I want Oxide to do so well. The product is a breath of fresh air in the era of cloud providers. As an engineer, I'd kill to get to work with their hardware.
Not to mention that working at Oxide sounds like a modern Sun Microsystems with the ideology that team has. Highly recommend their podcast "Oxide and Friends", and their original "On The Metal" show.
I've attempted to apply to their company multiple times over the years, only to be stun locked by the application process. Not because it's a bad process, but because I feel I'm not up to par as an engineer. Maybe one day I'll go through with it.
I'm pretty sure I'm not talented enough for Oxide, but just asking myself the application questions has been a fun exercise. I'm not in love with their problem space, but I am really into the way they work and do business.
Greatest hope: their approach catches on outside just Oxide, and I get to work somewhere with a similar ethos and practises one day.
Greatest fear: the way they work only makes sense for the most elite and well-capitalised of companies.
Many years ago, I quit the technology industry because I thought a company like Oxide could never exist. I want to work for them but I'm not sure I'm qualified. Maybe one day I'll apply.
Oxide is the only company I can think of that carries the torch of what silicon valley used to be in the 90s. Actual, awesome, cool technology! I wish massive success to Oxide.
This design feels very obvious-in-hindsight. Consolidate power adapters and networking, replace cabling with pluggable slots. It's something similar to what IBM mainframes or Sun cabinets could've looked like. Somehow hardware giants like Dell, HP, SuperMicro, etc didn't make a product like this, even at their peak in 2000s or during cloud boom in 2010s. I wonder why?
Beautiful machine, and fun to see Illumos heart still beating inside!
Cool tour.
I haven't kept up with their developments; what kind of workloads have they been pushing for? Since they don't seem to have any specialized accelerators in the Compute Sled, I am assuming they are not targeting AI workloads for now?
Curious how robust the (what looks like PCIe edge connector slots) connection to the drives is in practice. Obviously converting from the horizontal mainboard to a vertical drive requires such a connection, making it a plug-in card at least allows for replacing the card if it breaks/wears/etc, and mounting the front of the adapter card to a bulkhead should prevent much shifting of the card in the slot. Neat design and reuse of a cheap high speed connector.
How easy is it to swap the fan bar out for a failed fan? It looks like a single unit holding all the fans. Can the sled be pulled but retained in the rack and then fan bars removed and reinstalled without fully removing the sled and without tools?
I don’t think there’s a GPU component so it’s probably a much lower power profile.
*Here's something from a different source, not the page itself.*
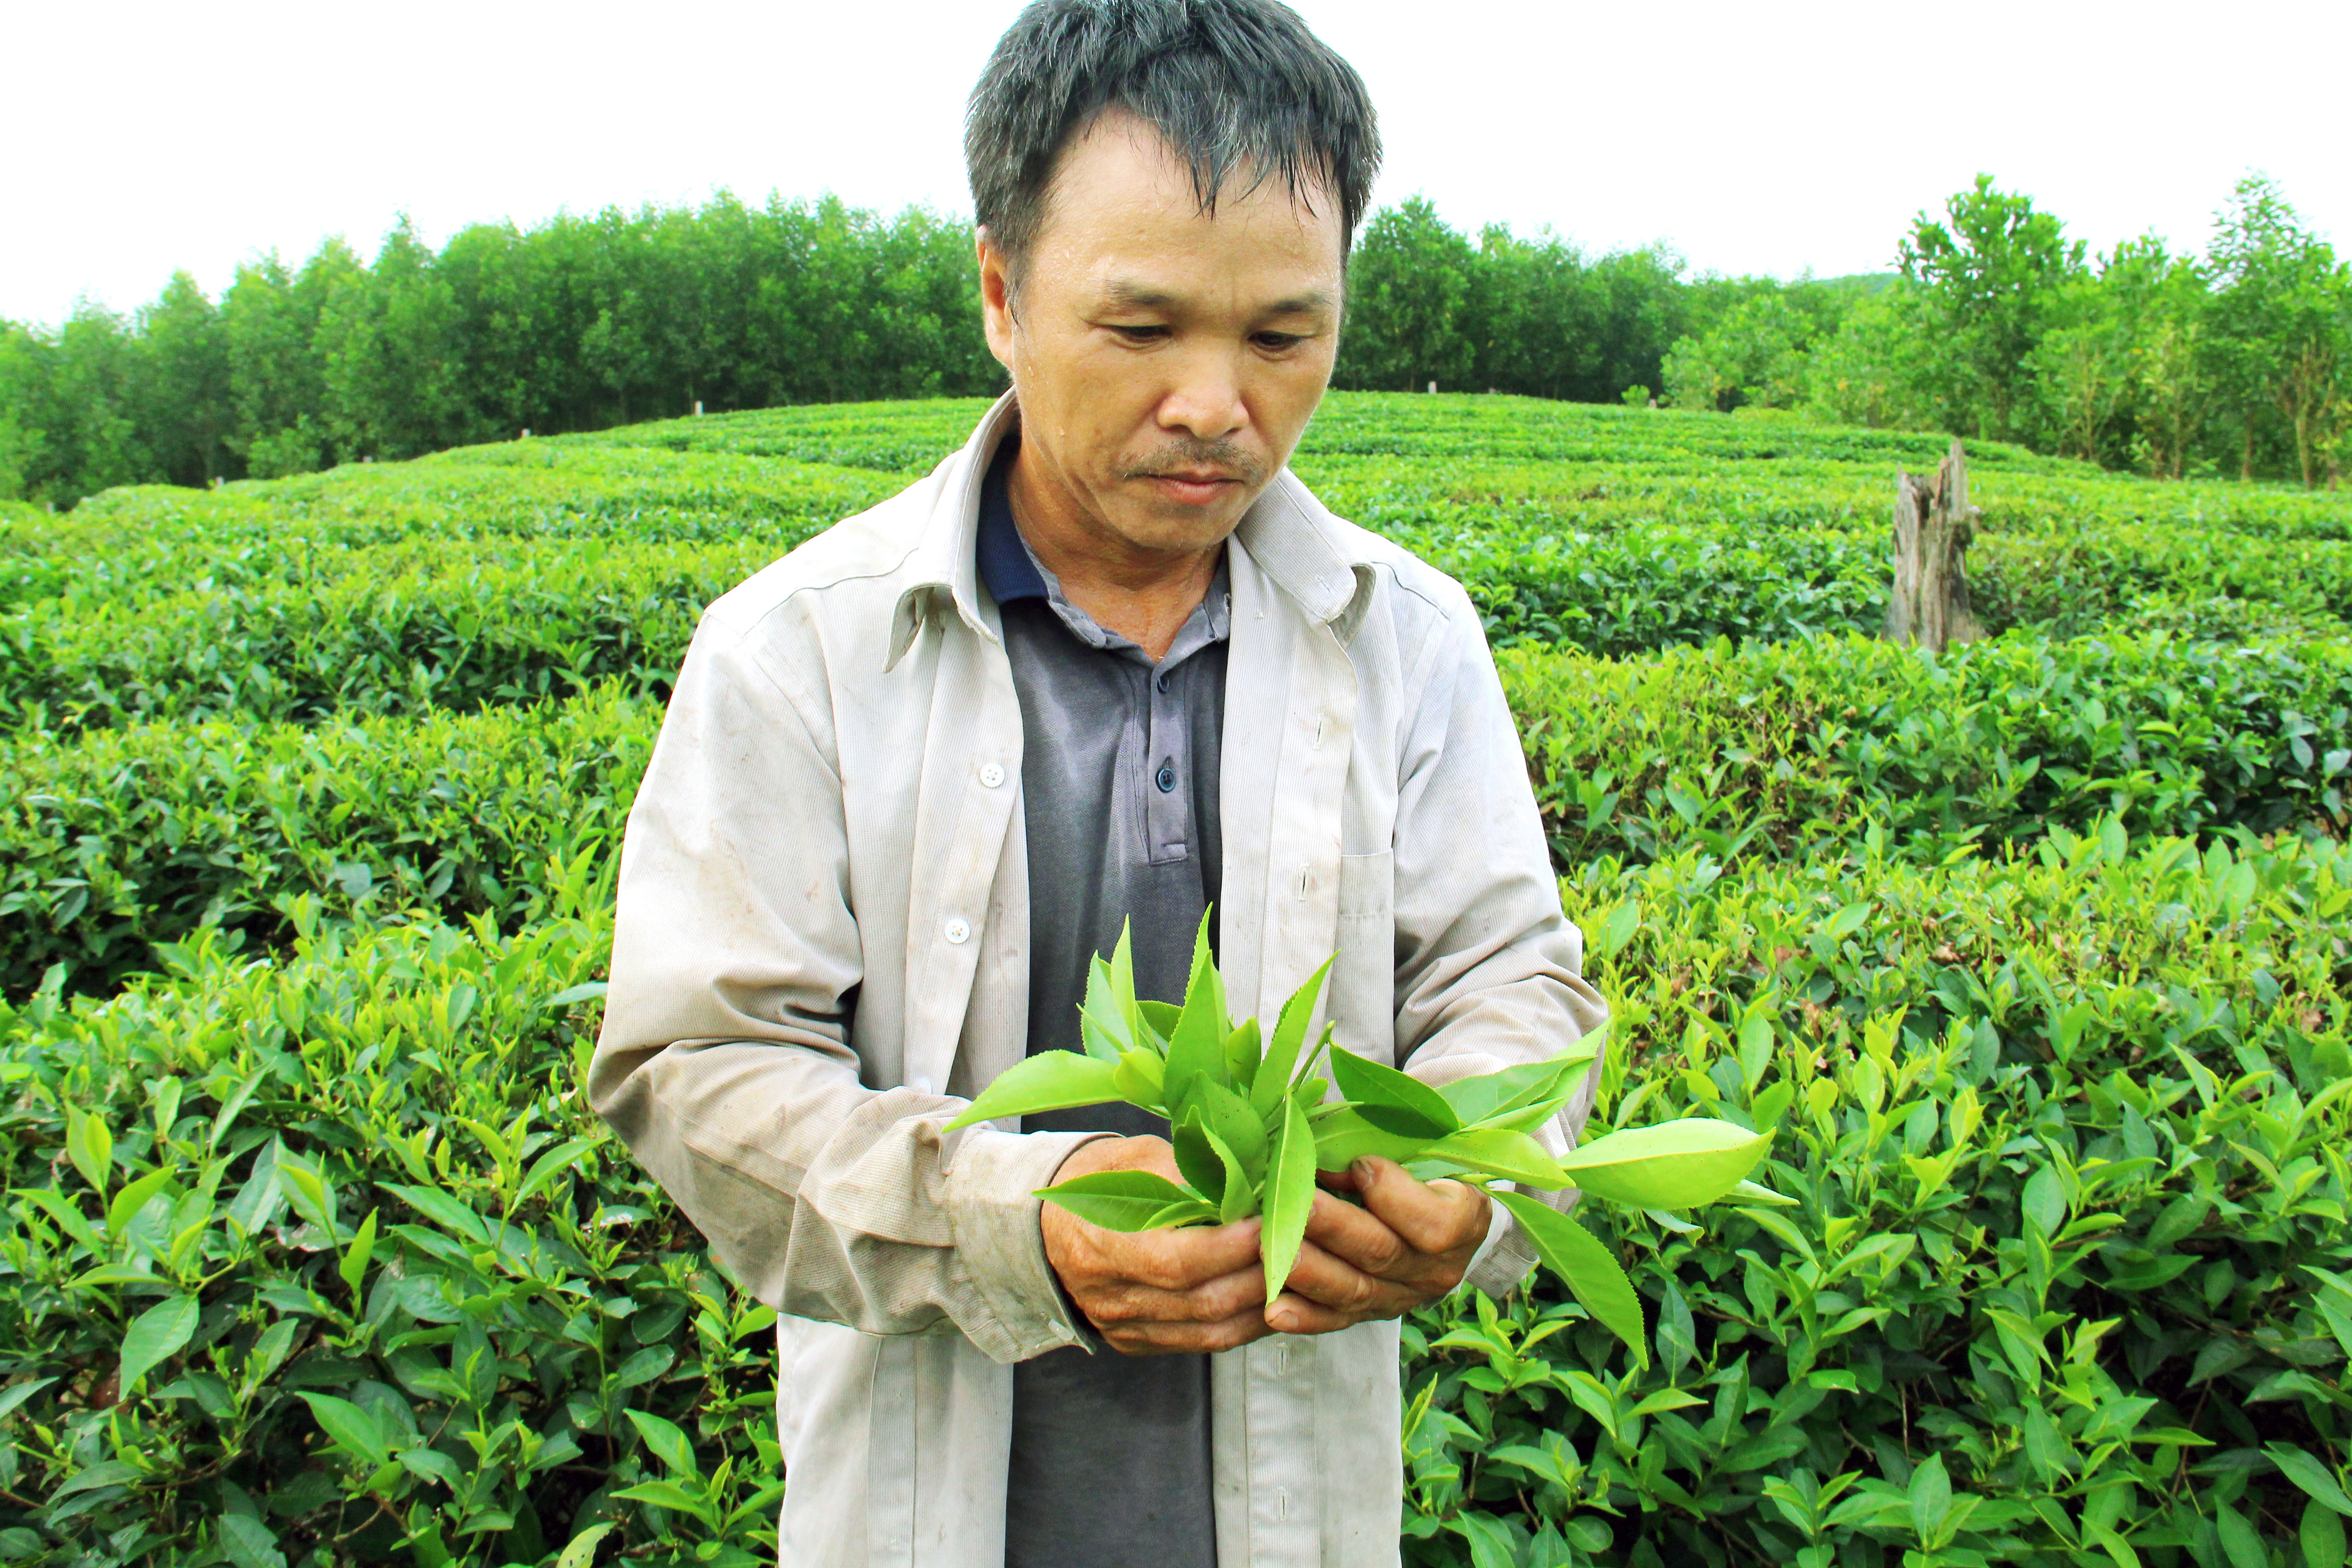 Sau những ngày đầu bỡ ngỡ tại vùng đất mới, anh Quang đã mạnh dạn trồng giống chè PH1 mang lại chất lượng và sản lượng cao

Also, per this cloudflare write up the Turin gen of the AMD Epycs is very efficient: https://blog.cloudflare.com/gen13-launch/
big fan of oxide, and love the demo overall, but at the same time, I can't shake the feeling that these kinds of 3D demos are a bit gimmicky/cheap nowadays. pages like this used to be a signal for a high-end product and or a benchmark for good engineering. now though, we all know that this kind of work can be vibe-coded with threejs fairly quickly if you have the assets. idk ... it feels like it's trying to capture my attention through flashing lights instead of letting the work stand on its own
I don't want to subtract from the demo too much, b/c I do love oxide, but I do see this as a trend that more people will use to garner attention until it's too overdone - at which point, 3D will revert to being used for more practical use-cases
Oxide hitting stride just in time for the memory crisis. I hope they can sustain because they have the coolest stuff, and the podcast is great.
I guess the world of atoms is still hard enough that you can publish an interactive spec of your product and not have to worry about it being immediately copied.
Very instructive on how a computer rack works. I cought only later on that it was Oxide specific, but the design decisions seem so obvious to me that they look like industry standards. What about firmware architecture ? How do you design for reliability ? And how often does an infra like that stop working bc of a hardware problem ? And firmware ?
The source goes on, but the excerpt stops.